Pressure and wind belts

Pressure and wind belts

Atmospheric Pressure, also called barometric pressure, force per unit area exerted by an atmospheric column (that is, the entire body of air above the specified area). Atmospheric pressure can be measured with a mercury barometer (hence the commonly used synonym barometric pressure), which indicates the height of a column of mercury that exactly balances the weight of the column of Atmosphere over the barometer. Atmospheric pressure is also measured using an aneroid barometer, in which the sensing element is one or more hollow, partially evacuated, corrugated Metal disks supported against collapse by an inside or outside spring; the change in the shape of the disk with changing pressure can be recorded using a pen arm and a clock-driven revolving drum.

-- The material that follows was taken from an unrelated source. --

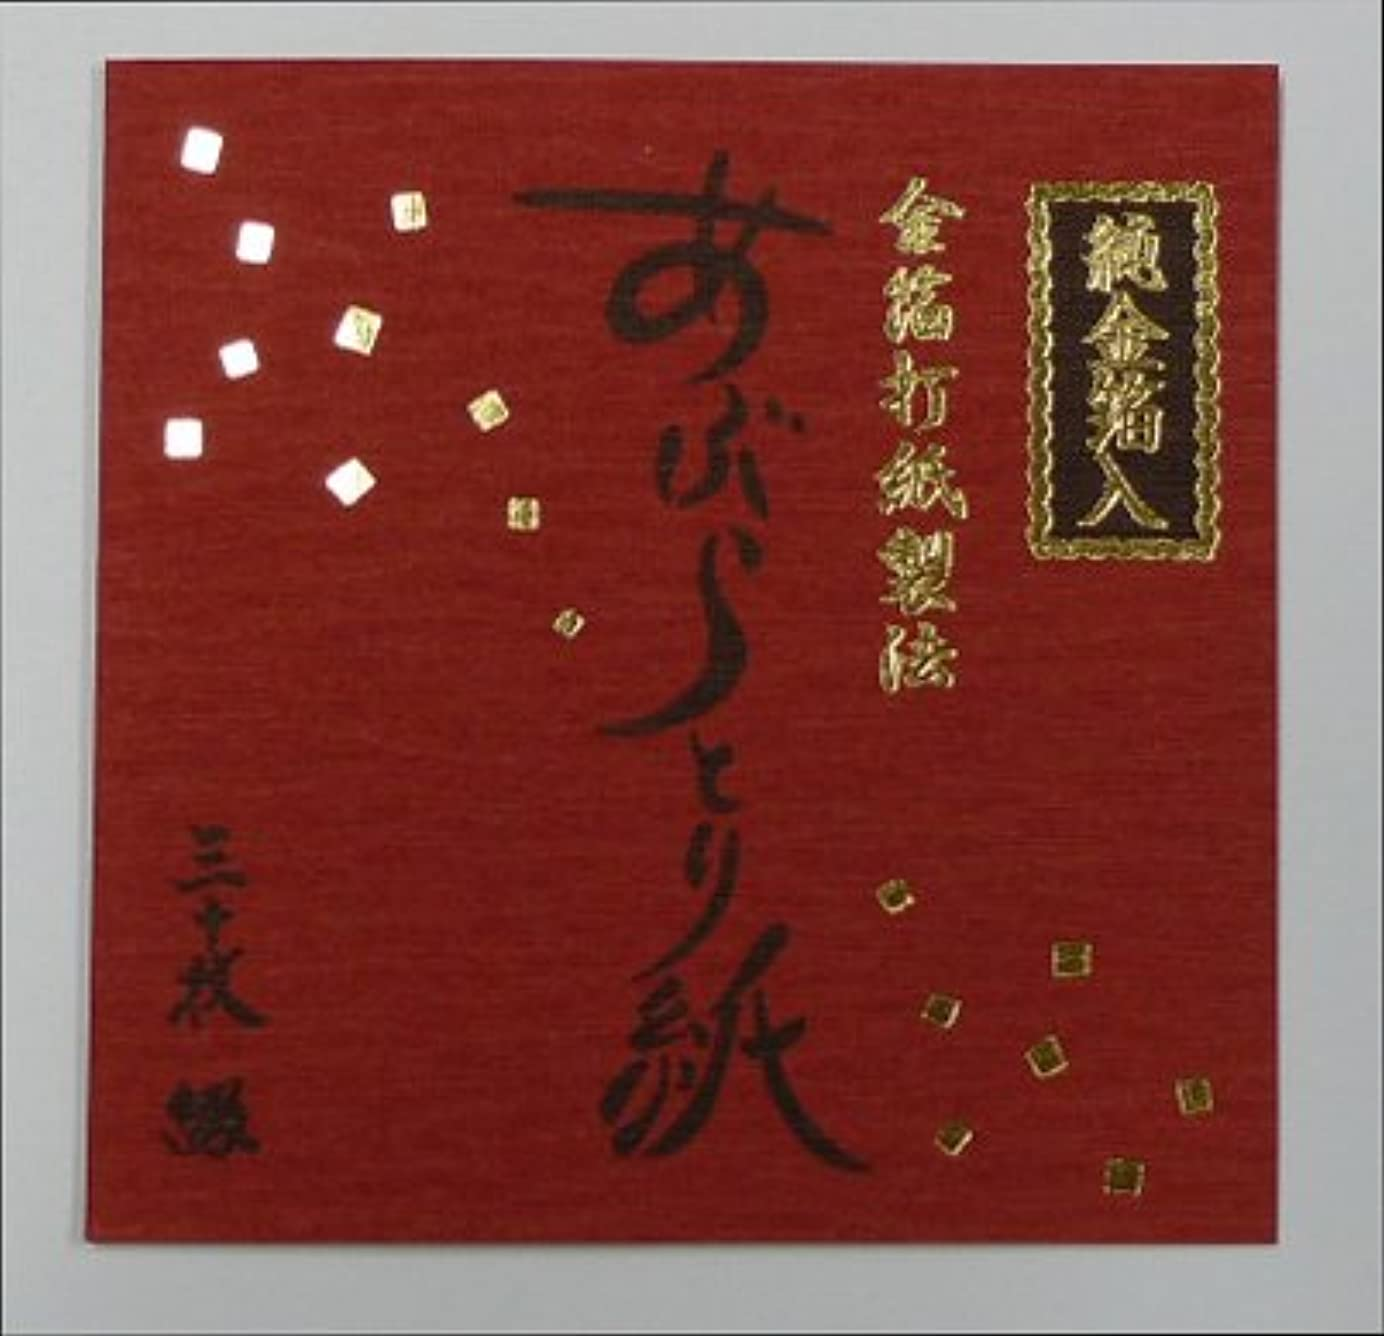 衰えるピラミッド統合する金沢の金箔やさんがつくった金箔打紙製法『あぶらとり紙』30枚綴り【純金箔入】

The atmosphere is held on the earth by the gravitational pull of the earth. A column of air exerts weight in terms of pressure on the surface of the earth. The weight of the column of air at a given place and time is called air pressure or atmospheric pressure. Atmospheric pressure is measured by an instrument called barometer. Now a days Fortin’s barometer and Aneroid barometer I are commonly used for measuring air pressure.

Atmospheric pressure is measured as force per unit area. The unit used for measuring pressure is called millibar. Its abbreviation is ‘mb’. One millibar is equal to the force of one gram per square centimetre approximately. A pressure of 1000 millibars is equal to the weight of 1.053 kilograms per square centimetre at sea level. It is equal to the weight of a column of mercury which is 76 centimetre high. The international standard pressure unit is the “pascal”, a force of one Newton per square meter. In practice atmospheric pressure is expressed in kilopascals, (one kpa equals 1000 Pa).

Wind belts on earth

Inter-Tropical Convergence Zone (Doldrums)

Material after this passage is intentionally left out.